[Records excerpted from a collection]
····················

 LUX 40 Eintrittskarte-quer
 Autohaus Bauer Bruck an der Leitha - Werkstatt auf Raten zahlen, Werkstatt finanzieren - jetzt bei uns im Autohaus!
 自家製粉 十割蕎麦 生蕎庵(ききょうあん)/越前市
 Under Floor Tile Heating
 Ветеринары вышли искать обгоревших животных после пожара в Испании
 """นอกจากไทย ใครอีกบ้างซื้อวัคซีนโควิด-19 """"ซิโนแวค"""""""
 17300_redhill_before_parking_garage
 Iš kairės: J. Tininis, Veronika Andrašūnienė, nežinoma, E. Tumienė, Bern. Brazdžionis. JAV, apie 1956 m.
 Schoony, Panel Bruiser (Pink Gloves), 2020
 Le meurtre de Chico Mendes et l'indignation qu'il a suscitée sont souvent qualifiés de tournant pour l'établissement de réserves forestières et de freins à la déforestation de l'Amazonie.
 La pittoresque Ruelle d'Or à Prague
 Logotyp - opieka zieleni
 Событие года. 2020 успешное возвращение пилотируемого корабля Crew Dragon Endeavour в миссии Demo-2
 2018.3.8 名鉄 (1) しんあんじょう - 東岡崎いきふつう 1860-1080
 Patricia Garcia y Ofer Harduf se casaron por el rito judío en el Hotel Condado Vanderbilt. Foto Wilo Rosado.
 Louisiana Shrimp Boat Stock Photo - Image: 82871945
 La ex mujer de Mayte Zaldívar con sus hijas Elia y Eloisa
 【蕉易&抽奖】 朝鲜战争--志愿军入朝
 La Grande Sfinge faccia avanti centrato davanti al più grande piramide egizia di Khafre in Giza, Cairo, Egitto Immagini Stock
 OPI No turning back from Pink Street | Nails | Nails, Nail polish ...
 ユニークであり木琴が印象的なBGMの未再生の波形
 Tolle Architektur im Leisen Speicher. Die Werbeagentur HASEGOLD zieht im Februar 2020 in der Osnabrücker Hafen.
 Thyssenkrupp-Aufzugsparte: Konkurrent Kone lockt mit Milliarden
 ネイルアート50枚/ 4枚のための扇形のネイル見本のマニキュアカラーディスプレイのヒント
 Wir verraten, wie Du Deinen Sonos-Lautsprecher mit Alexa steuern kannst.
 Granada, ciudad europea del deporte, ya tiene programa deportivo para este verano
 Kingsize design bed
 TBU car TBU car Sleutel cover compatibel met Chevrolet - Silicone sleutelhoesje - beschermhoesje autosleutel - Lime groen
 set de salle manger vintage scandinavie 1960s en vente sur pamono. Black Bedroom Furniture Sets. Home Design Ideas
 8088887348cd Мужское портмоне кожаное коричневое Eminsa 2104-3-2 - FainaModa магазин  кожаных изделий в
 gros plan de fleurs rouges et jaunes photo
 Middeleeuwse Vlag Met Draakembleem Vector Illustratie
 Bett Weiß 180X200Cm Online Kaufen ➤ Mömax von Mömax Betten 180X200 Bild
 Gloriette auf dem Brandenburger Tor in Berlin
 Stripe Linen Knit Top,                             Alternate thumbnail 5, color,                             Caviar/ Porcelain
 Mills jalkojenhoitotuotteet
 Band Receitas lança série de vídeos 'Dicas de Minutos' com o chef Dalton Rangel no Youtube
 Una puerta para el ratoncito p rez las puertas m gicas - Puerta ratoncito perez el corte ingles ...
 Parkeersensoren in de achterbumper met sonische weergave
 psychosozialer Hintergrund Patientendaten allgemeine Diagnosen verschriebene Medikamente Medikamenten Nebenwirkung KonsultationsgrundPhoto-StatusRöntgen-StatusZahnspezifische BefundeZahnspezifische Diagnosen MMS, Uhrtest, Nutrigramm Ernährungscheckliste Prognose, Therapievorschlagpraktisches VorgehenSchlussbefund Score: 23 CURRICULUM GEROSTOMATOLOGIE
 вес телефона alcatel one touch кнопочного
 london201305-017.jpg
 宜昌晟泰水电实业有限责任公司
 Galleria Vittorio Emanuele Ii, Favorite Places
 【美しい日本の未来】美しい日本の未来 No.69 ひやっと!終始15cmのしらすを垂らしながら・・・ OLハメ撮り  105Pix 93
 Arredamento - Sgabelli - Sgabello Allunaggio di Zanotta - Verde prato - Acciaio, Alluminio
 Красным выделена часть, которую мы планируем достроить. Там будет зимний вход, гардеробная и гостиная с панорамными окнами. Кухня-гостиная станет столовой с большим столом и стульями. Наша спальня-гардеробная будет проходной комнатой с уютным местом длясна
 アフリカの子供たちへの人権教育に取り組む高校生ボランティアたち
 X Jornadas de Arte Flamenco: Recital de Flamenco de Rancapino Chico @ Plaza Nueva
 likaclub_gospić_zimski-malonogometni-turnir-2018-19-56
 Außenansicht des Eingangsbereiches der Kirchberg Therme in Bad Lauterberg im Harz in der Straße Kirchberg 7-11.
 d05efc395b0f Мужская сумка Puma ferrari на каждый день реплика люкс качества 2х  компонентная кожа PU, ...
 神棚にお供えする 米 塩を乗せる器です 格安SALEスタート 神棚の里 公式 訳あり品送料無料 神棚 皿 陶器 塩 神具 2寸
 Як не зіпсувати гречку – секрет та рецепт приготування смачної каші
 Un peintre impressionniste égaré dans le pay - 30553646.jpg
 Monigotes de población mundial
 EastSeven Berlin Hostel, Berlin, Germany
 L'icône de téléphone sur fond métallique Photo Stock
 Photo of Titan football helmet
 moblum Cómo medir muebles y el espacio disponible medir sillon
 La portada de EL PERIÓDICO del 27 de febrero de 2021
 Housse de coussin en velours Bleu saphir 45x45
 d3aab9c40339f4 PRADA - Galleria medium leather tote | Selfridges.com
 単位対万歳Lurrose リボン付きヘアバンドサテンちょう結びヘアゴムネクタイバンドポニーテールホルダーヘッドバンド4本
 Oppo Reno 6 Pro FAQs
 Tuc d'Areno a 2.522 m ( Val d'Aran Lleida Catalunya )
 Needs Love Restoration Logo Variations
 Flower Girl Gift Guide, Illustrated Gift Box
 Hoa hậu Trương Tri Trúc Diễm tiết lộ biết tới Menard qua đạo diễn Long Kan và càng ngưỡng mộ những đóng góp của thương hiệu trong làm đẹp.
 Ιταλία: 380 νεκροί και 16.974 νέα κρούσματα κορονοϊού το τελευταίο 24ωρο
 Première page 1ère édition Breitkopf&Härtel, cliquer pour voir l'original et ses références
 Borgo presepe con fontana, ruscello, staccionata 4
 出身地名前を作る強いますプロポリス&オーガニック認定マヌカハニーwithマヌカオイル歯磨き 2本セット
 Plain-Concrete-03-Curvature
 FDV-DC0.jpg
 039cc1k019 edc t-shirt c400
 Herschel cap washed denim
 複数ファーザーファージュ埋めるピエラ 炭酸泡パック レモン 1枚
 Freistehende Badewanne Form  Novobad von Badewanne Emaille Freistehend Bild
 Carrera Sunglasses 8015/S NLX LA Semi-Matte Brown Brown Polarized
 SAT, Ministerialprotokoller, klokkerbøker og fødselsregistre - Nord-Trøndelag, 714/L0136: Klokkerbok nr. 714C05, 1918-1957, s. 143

····················

- [Work item] Reproduce the records in full, exactly as written.

- [Solution]
 LUX 40 Eintrittskarte-quer
 Autohaus Bauer Bruck an der Leitha - Werkstatt auf Raten zahlen, Werkstatt finanzieren - jetzt bei uns im Autohaus!
 自家製粉 十割蕎麦 生蕎庵(ききょうあん)/越前市
 Under Floor Tile Heating
 Ветеринары вышли искать обгоревших животных после пожара в Испании
 """นอกจากไทย ใครอีกบ้างซื้อวัคซีนโควิด-19 """"ซิโนแวค"""""""
 17300_redhill_before_parking_garage
 Iš kairės: J. Tininis, Veronika Andrašūnienė, nežinoma, E. Tumienė, Bern. Brazdžionis. JAV, apie 1956 m.
 Schoony, Panel Bruiser (Pink Gloves), 2020
 Le meurtre de Chico Mendes et l'indignation qu'il a suscitée sont souvent qualifiés de tournant pour l'établissement de réserves forestières et de freins à la déforestation de l'Amazonie.
 La pittoresque Ruelle d'Or à Prague
 Logotyp - opieka zieleni
 Событие года. 2020 успешное возвращение пилотируемого корабля Crew Dragon Endeavour в миссии Demo-2
 2018.3.8 名鉄 (1) しんあんじょう - 東岡崎いきふつう 1860-1080
 Patricia Garcia y Ofer Harduf se casaron por el rito judío en el Hotel Condado Vanderbilt. Foto Wilo Rosado.
 Louisiana Shrimp Boat Stock Photo - Image: 82871945
 La ex mujer de Mayte Zaldívar con sus hijas Elia y Eloisa
 【蕉易&抽奖】 朝鲜战争--志愿军入朝
 La Grande Sfinge faccia avanti centrato davanti al più grande piramide egizia di Khafre in Giza, Cairo, Egitto Immagini Stock
 OPI No turning back from Pink Street | Nails | Nails, Nail polish ...
 ユニークであり木琴が印象的なBGMの未再生の波形
 Tolle Architektur im Leisen Speicher. Die Werbeagentur HASEGOLD zieht im Februar 2020 in der Osnabrücker Hafen.
 Thyssenkrupp-Aufzugsparte: Konkurrent Kone lockt mit Milliarden
 ネイルアート50枚/ 4枚のための扇形のネイル見本のマニキュアカラーディスプレイのヒント
 Wir verraten, wie Du Deinen Sonos-Lautsprecher mit Alexa steuern kannst.
 Granada, ciudad europea del deporte, ya tiene programa deportivo para este verano
 Kingsize design bed
 TBU car TBU car Sleutel cover compatibel met Chevrolet - Silicone sleutelhoesje - beschermhoesje autosleutel - Lime groen
 set de salle manger vintage scandinavie 1960s en vente sur pamono. Black Bedroom Furniture Sets. Home Design Ideas
 8088887348cd Мужское портмоне кожаное коричневое Eminsa 2104-3-2 - FainaModa магазин  кожаных изделий в
 gros plan de fleurs rouges et jaunes photo
 Middeleeuwse Vlag Met Draakembleem Vector Illustratie
 Bett Weiß 180X200Cm Online Kaufen ➤ Mömax von Mömax Betten 180X200 Bild
 Gloriette auf dem Brandenburger Tor in Berlin
 Stripe Linen Knit Top,                             Alternate thumbnail 5, color,                             Caviar/ Porcelain
 Mills jalkojenhoitotuotteet
 Band Receitas lança série de vídeos 'Dicas de Minutos' com o chef Dalton Rangel no Youtube
 Una puerta para el ratoncito p rez las puertas m gicas - Puerta ratoncito perez el corte ingles ...
 Parkeersensoren in de achterbumper met sonische weergave
 psychosozialer Hintergrund Patientendaten allgemeine Diagnosen verschriebene Medikamente Medikamenten Nebenwirkung KonsultationsgrundPhoto-StatusRöntgen-StatusZahnspezifische BefundeZahnspezifische Diagnosen MMS, Uhrtest, Nutrigramm Ernährungscheckliste Prognose, Therapievorschlagpraktisches VorgehenSchlussbefund Score: 23 CURRICULUM GEROSTOMATOLOGIE
 вес телефона alcatel one touch кнопочного
 london201305-017.jpg
 宜昌晟泰水电实业有限责任公司
 Galleria Vittorio Emanuele Ii, Favorite Places
 【美しい日本の未来】美しい日本の未来 No.69 ひやっと!終始15cmのしらすを垂らしながら・・・ OLハメ撮り  105Pix 93
 Arredamento - Sgabelli - Sgabello Allunaggio di Zanotta - Verde prato - Acciaio, Alluminio
 Красным выделена часть, которую мы планируем достроить. Там будет зимний вход, гардеробная и гостиная с панорамными окнами. Кухня-гостиная станет столовой с большим столом и стульями. Наша спальня-гардеробная будет проходной комнатой с уютным местом длясна
 アフリカの子供たちへの人権教育に取り組む高校生ボランティアたち
 X Jornadas de Arte Flamenco: Recital de Flamenco de Rancapino Chico @ Plaza Nueva
 likaclub_gospić_zimski-malonogometni-turnir-2018-19-56
 Außenansicht des Eingangsbereiches der Kirchberg Therme in Bad Lauterberg im Harz in der Straße Kirchberg 7-11.
 d05efc395b0f Мужская сумка Puma ferrari на каждый день реплика люкс качества 2х  компонентная кожа PU, ...
 神棚にお供えする 米 塩を乗せる器です 格安SALEスタート 神棚の里 公式 訳あり品送料無料 神棚 皿 陶器 塩 神具 2寸
 Як не зіпсувати гречку – секрет та рецепт приготування смачної каші
 Un peintre impressionniste égaré dans le pay - 30553646.jpg
 Monigotes de población mundial
 EastSeven Berlin Hostel, Berlin, Germany
 L'icône de téléphone sur fond métallique Photo Stock
 Photo of Titan football helmet
 moblum Cómo medir muebles y el espacio disponible medir sillon
 La portada de EL PERIÓDICO del 27 de febrero de 2021
 Housse de coussin en velours Bleu saphir 45x45
 d3aab9c40339f4 PRADA - Galleria medium leather tote | Selfridges.com
 単位対万歳Lurrose リボン付きヘアバンドサテンちょう結びヘアゴムネクタイバンドポニーテールホルダーヘッドバンド4本
 Oppo Reno 6 Pro FAQs
 Tuc d'Areno a 2.522 m ( Val d'Aran Lleida Catalunya )
 Needs Love Restoration Logo Variations
 Flower Girl Gift Guide, Illustrated Gift Box
 Hoa hậu Trương Tri Trúc Diễm tiết lộ biết tới Menard qua đạo diễn Long Kan và càng ngưỡng mộ những đóng góp của thương hiệu trong làm đẹp.
 Ιταλία: 380 νεκροί και 16.974 νέα κρούσματα κορονοϊού το τελευταίο 24ωρο
 Première page 1ère édition Breitkopf&Härtel, cliquer pour voir l'original et ses références
 Borgo presepe con fontana, ruscello, staccionata 4
 出身地名前を作る強いますプロポリス&オーガニック認定マヌカハニーwithマヌカオイル歯磨き 2本セット
 Plain-Concrete-03-Curvature
 FDV-DC0.jpg
 039cc1k019 edc t-shirt c400
 Herschel cap washed denim
 複数ファーザーファージュ埋めるピエラ 炭酸泡パック レモン 1枚
 Freistehende Badewanne Form  Novobad von Badewanne Emaille Freistehend Bild
 Carrera Sunglasses 8015/S NLX LA Semi-Matte Brown Brown Polarized
 SAT, Ministerialprotokoller, klokkerbøker og fødselsregistre - Nord-Trøndelag, 714/L0136: Klokkerbok nr. 714C05, 1918-1957, s. 143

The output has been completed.